# Required action:
None of the pictures should be copied, though every line of the listing must be printed exactly.

# Provided material:

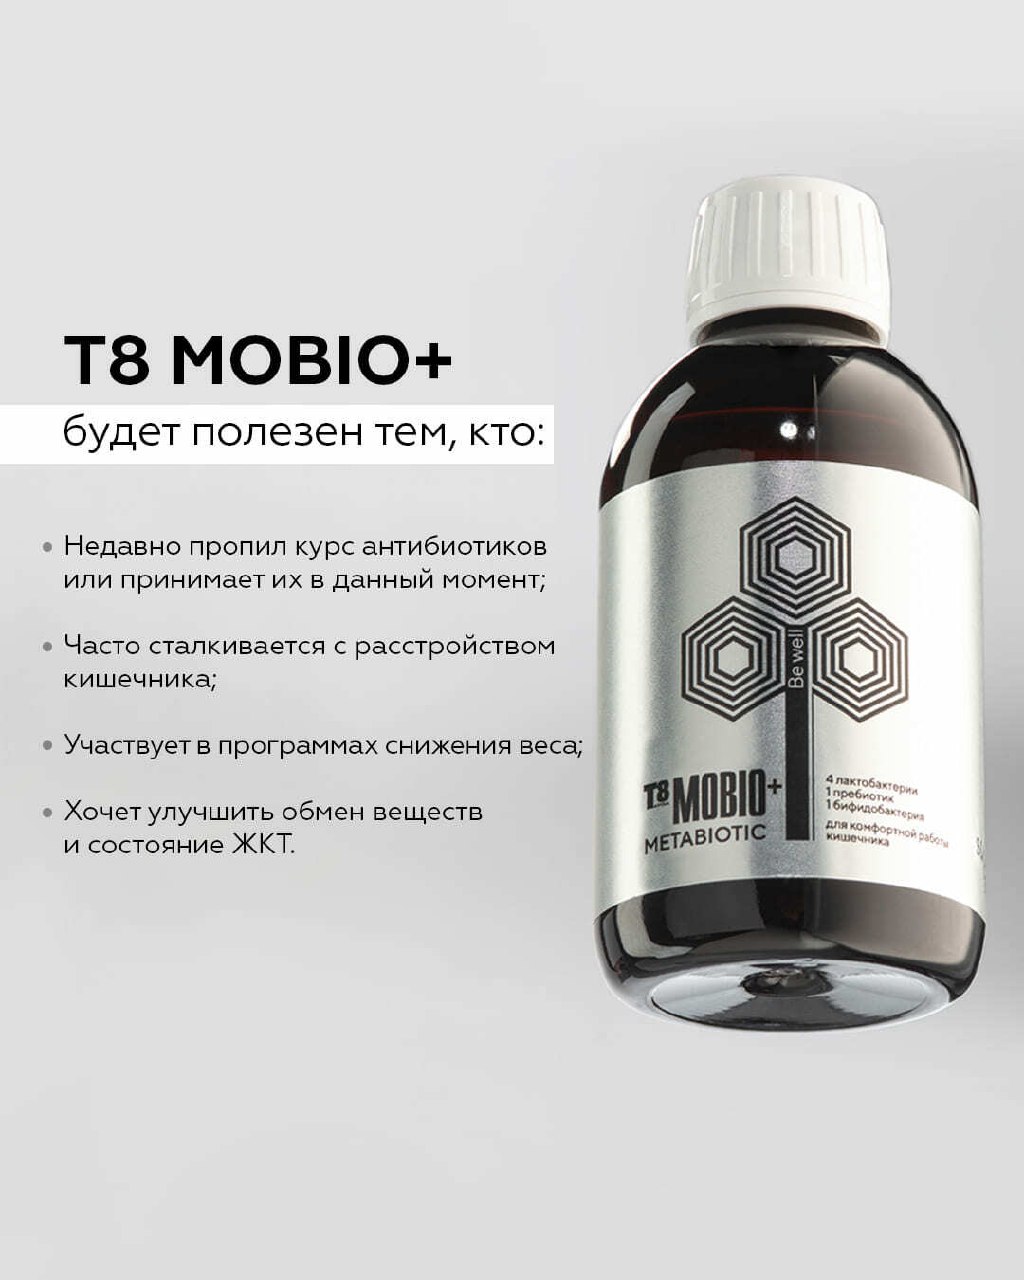 Комплексная пищевая добавка Tayga8 Т8 Mobio метабиотик для нормализации работы кишечника с высокой биодоступностью - фото 8
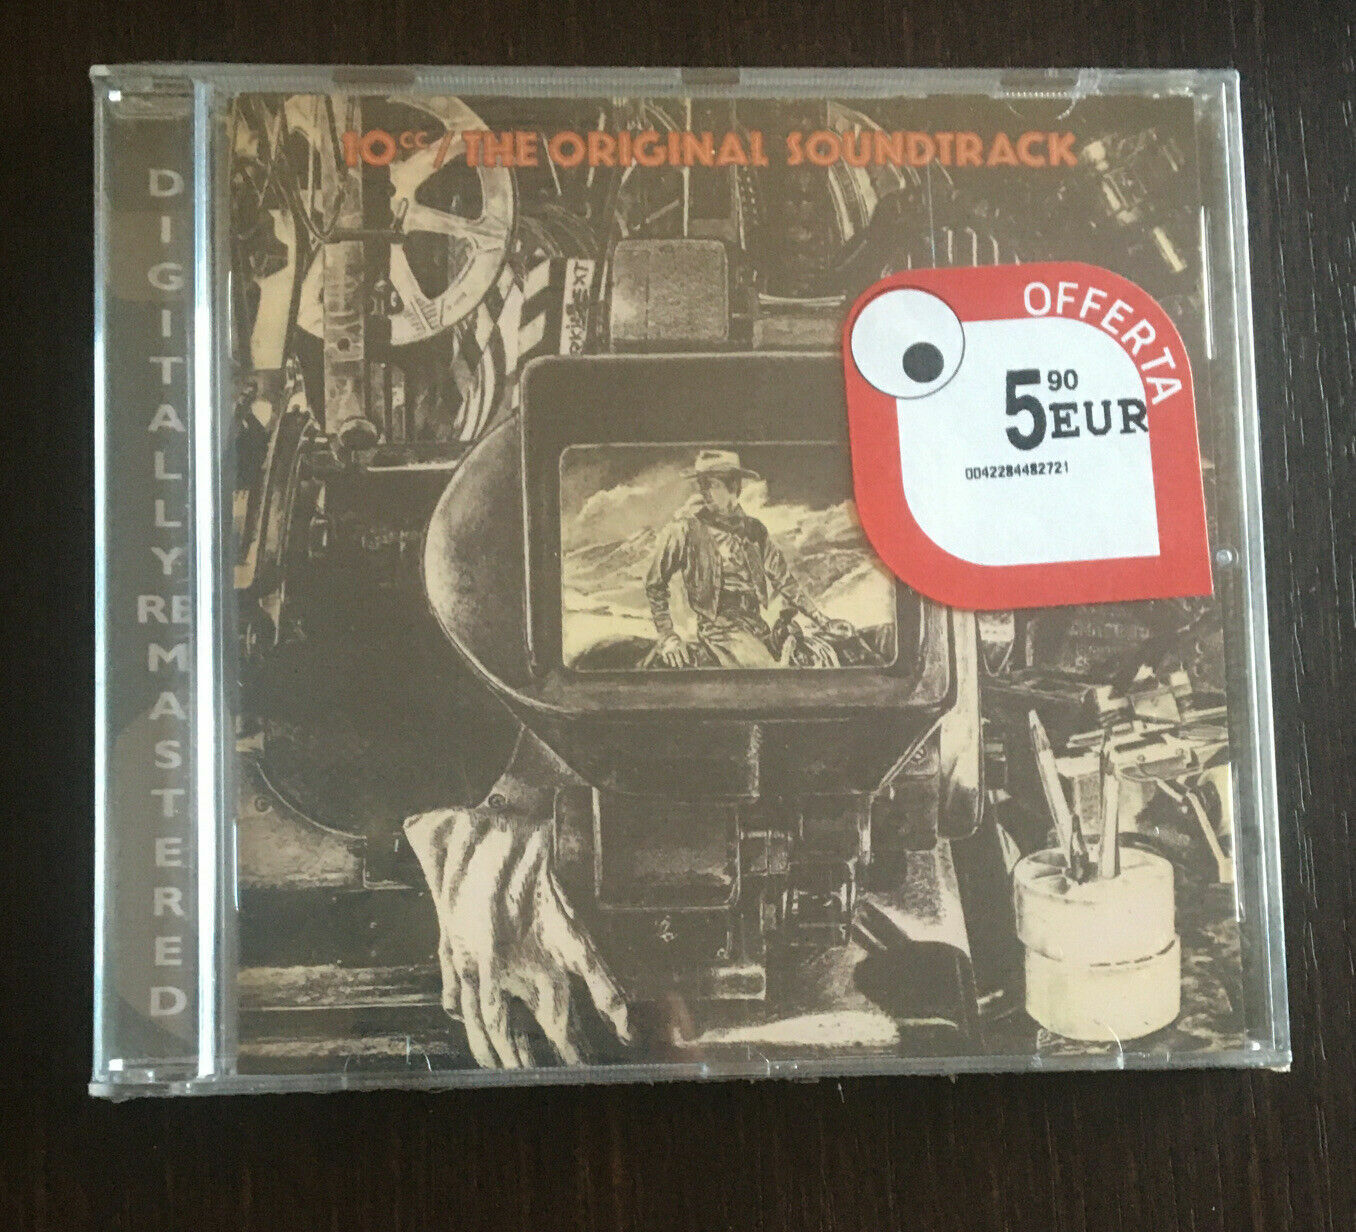 10cc - The Original Soundtrack (1996)
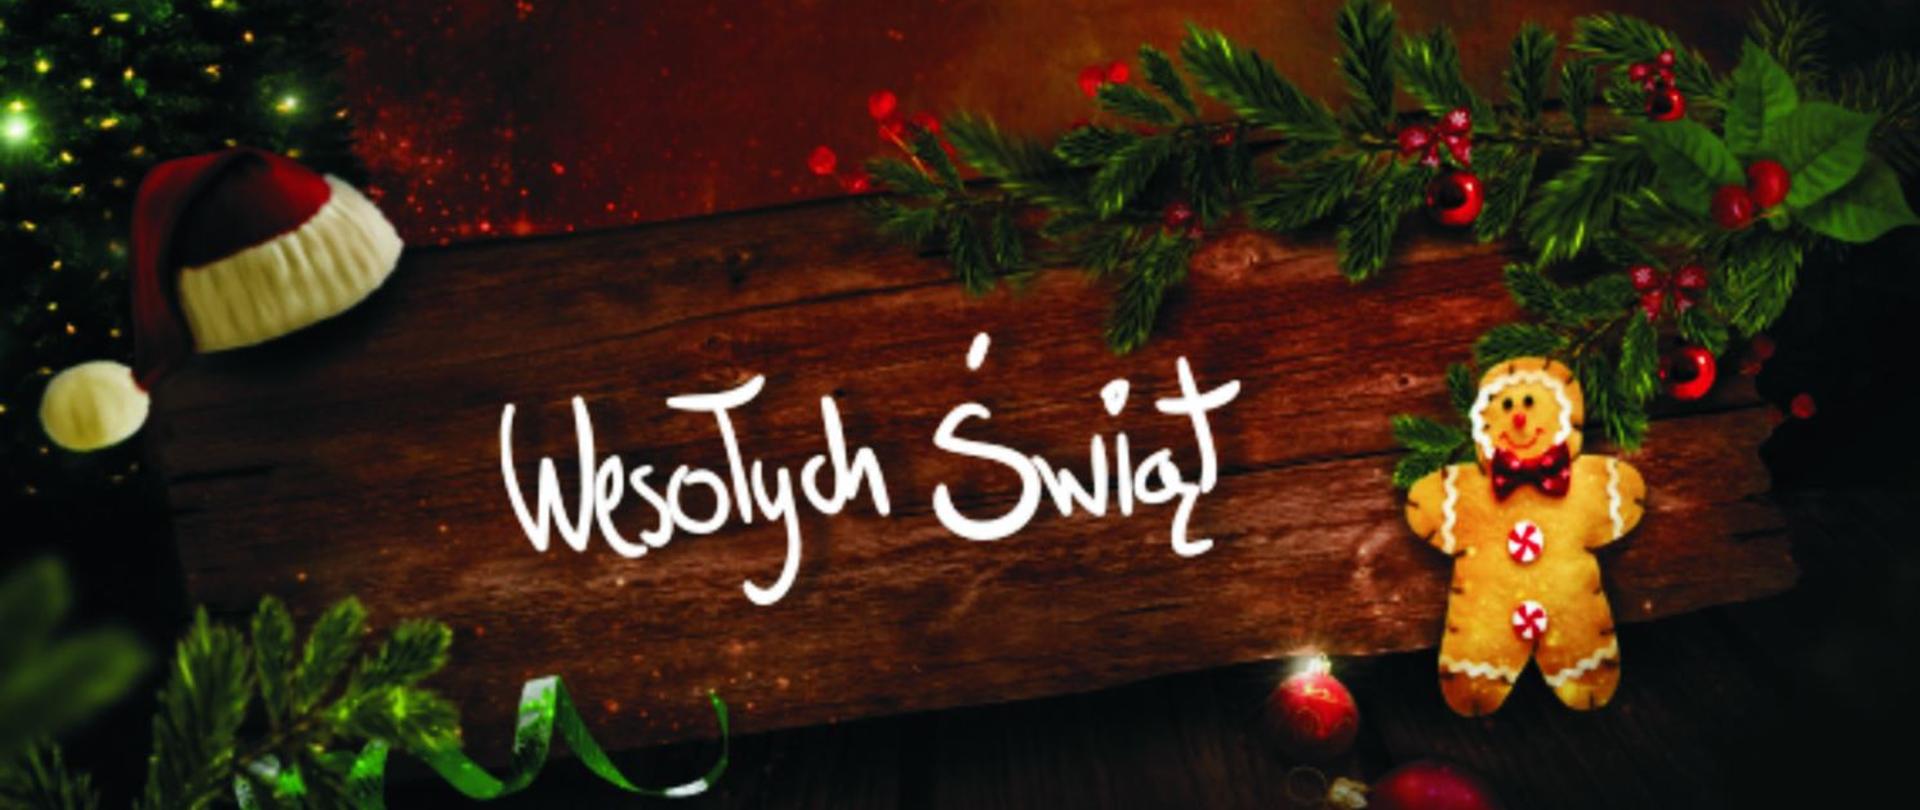 Kartka świąteczna "Wesołych i pogodnych Świąt Bożego Narodzenia oraz spełnienia marzeń z okazji nadchodzącego Nowego Roku 2021 życzy Dyrekcja oraz Pracownicy PSSE w Gliwicach"
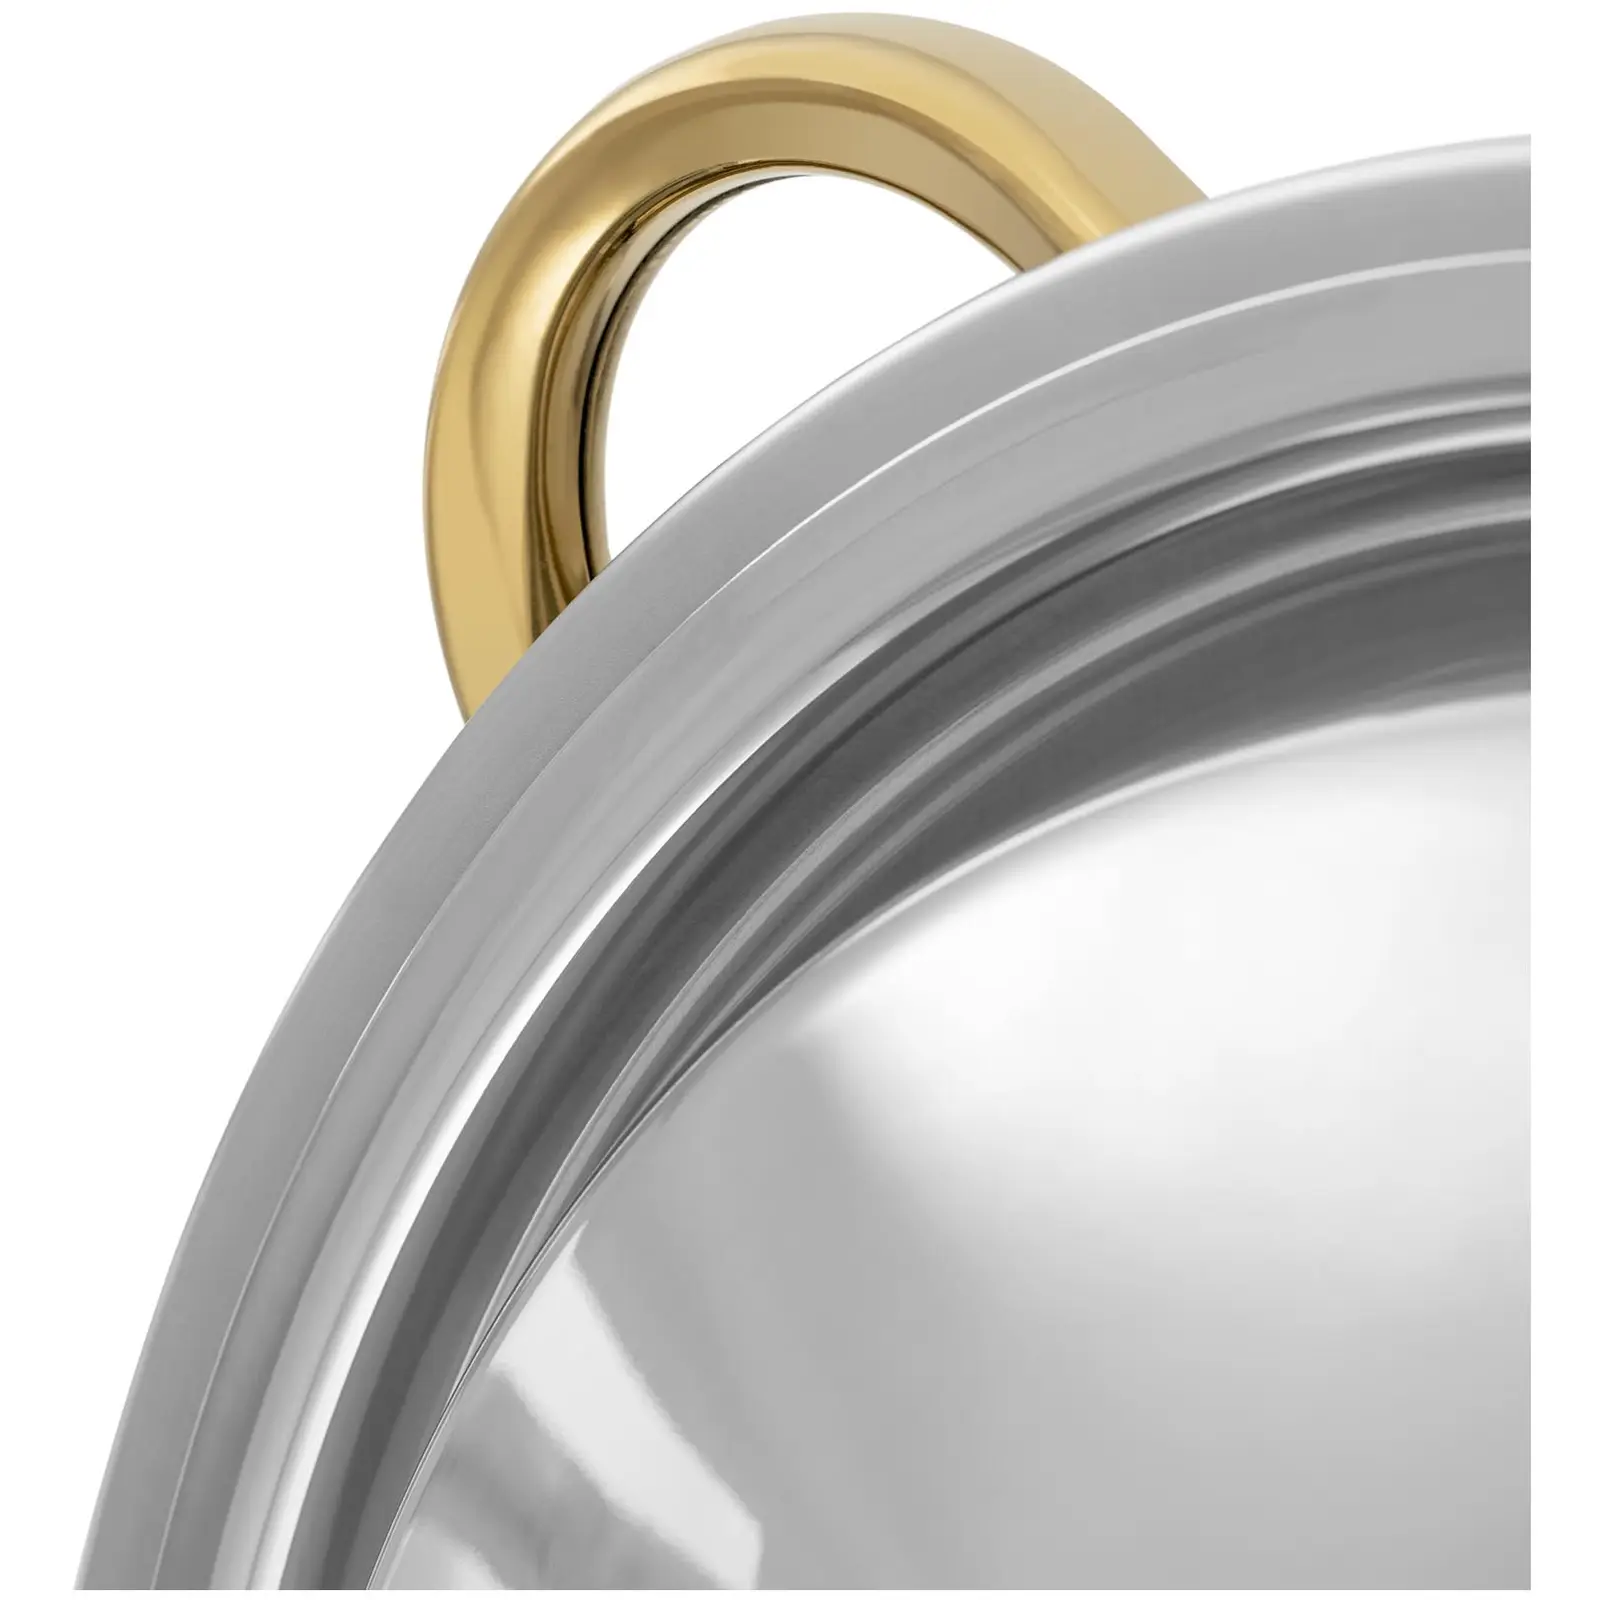 Podgrzewacz do potraw - okrągły - złote akcenty - 4,5 l - 1 pojemnik na paliwo - Royal Catering

# Solved problem:
 Комплексная пищевая добавка Tayga8 Т8 Mobio метабиотик для нормализации работы кишечника с высокой биодоступностью - фото 8
 10cc - The Original Soundtrack (1996)
 Kartka świąteczna "Wesołych i pogodnych Świąt Bożego Narodzenia oraz spełnienia marzeń z okazji nadchodzącego Nowego Roku 2021 życzy Dyrekcja oraz Pracownicy PSSE w Gliwicach"
 Podgrzewacz do potraw - okrągły - złote akcenty - 4,5 l - 1 pojemnik na paliwo - Royal Catering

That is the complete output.